While at SMT, I’ll present a paper titled “Interpretive Agency: Flexibilities, Constraints, and Departures in Reena Esmail’s Jhula Jhule.” (To read the abstract for the paper, click here.) In addition to the paper, I’ll also be present in my role as a member of the Committee on Disability and Accessibility, supporting the committee’s session which features lightning talks, workshops, and discussions.
RESEARCH: ICDS6 Paper Presentation
In August 2023 I presented a paper titled “The Ownership Continuum: Creating and Tracing Interpretive Agency in Music” at the 6th International Conference of Dalcroze Studies in Pittsburgh, PA. The conference’s theme is Ecologies of practice in music and movement.
PERFORMANCE: The Stretch at Colorado State University
Colorado State University Music faculty Pablo Dos Santos Hernandez, Oboe, and Cayla Bellamy, Bassoon are joined by mezzo-soprano Nicole Asel to perform The Stretch on one of their Virtuoso Series concerts, March 6 at 7:30pm Mountain Time.

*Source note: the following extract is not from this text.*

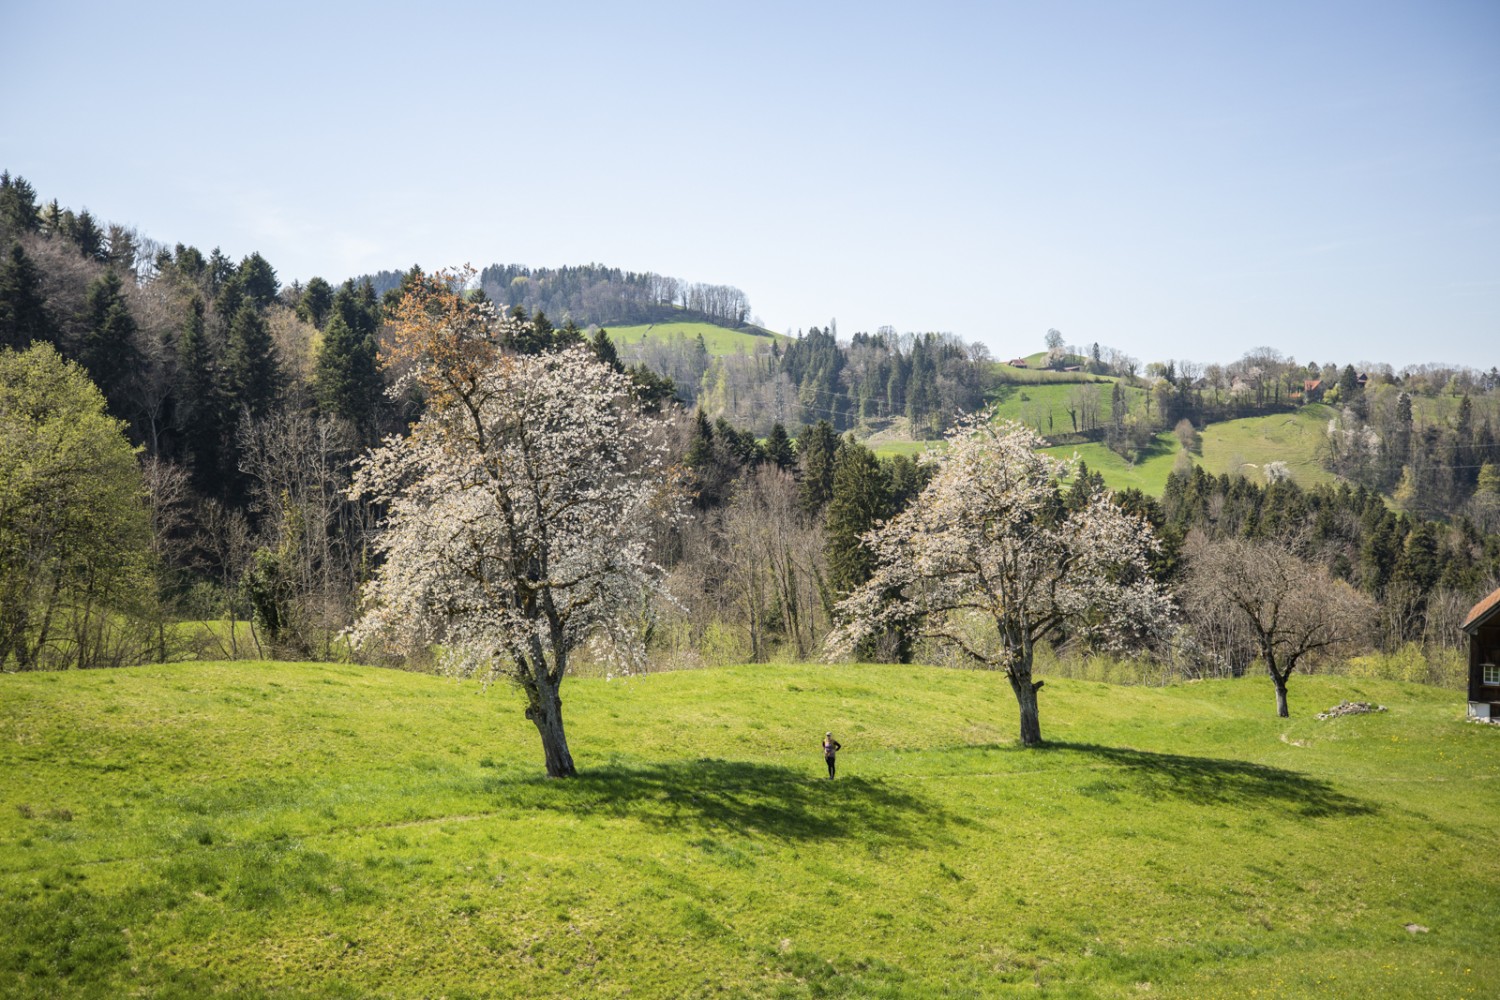 Pâturages verdoyants et arbres fruitiers en fleurs: le printemps est une saison merveilleuse. Photo: Wanderblondies
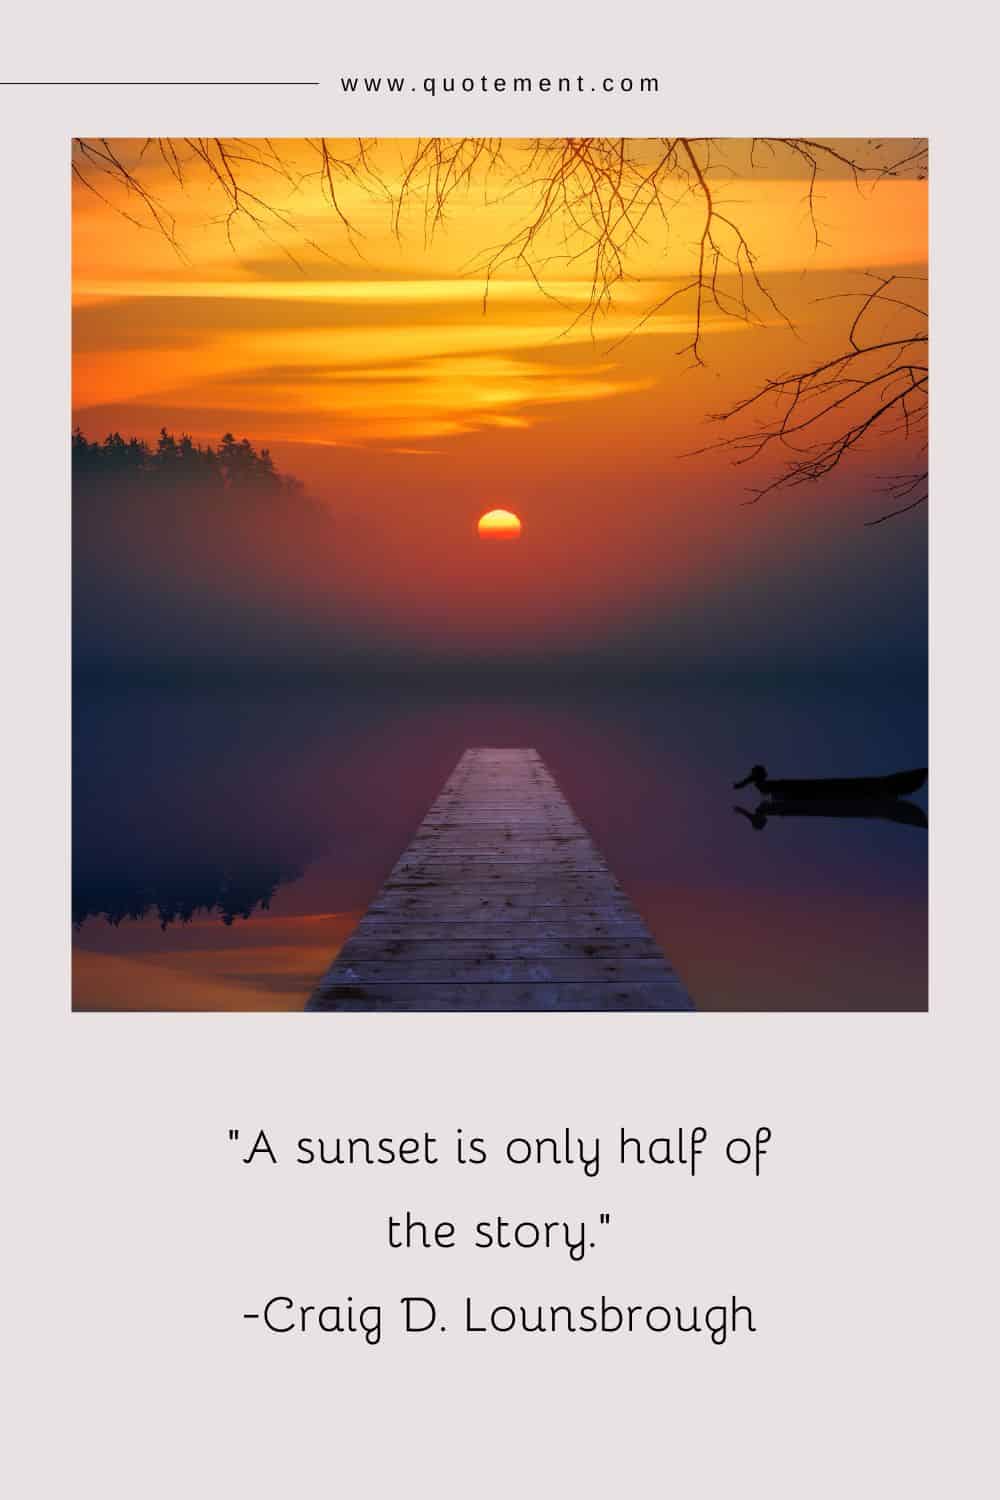 Una puesta de sol es sólo la mitad de la historia

For more information and to purchase tickets, click here.
RESIDENCY: Marble House Project
In June 2023 I’ll be headed to the Marble House Project in Dorset Vermont for a three-week residency where I’ll be working on an expansion of The Mother Trees which premieres in February 2023.
Marble House is the perfect place to explore cultural and environmental sustainability in this choral project, as I live, create, and tend the farm at a residency whose mission “is founded on the belief that the act of creating, whether in the studio or in nature, is how human potential expands and community thrives.”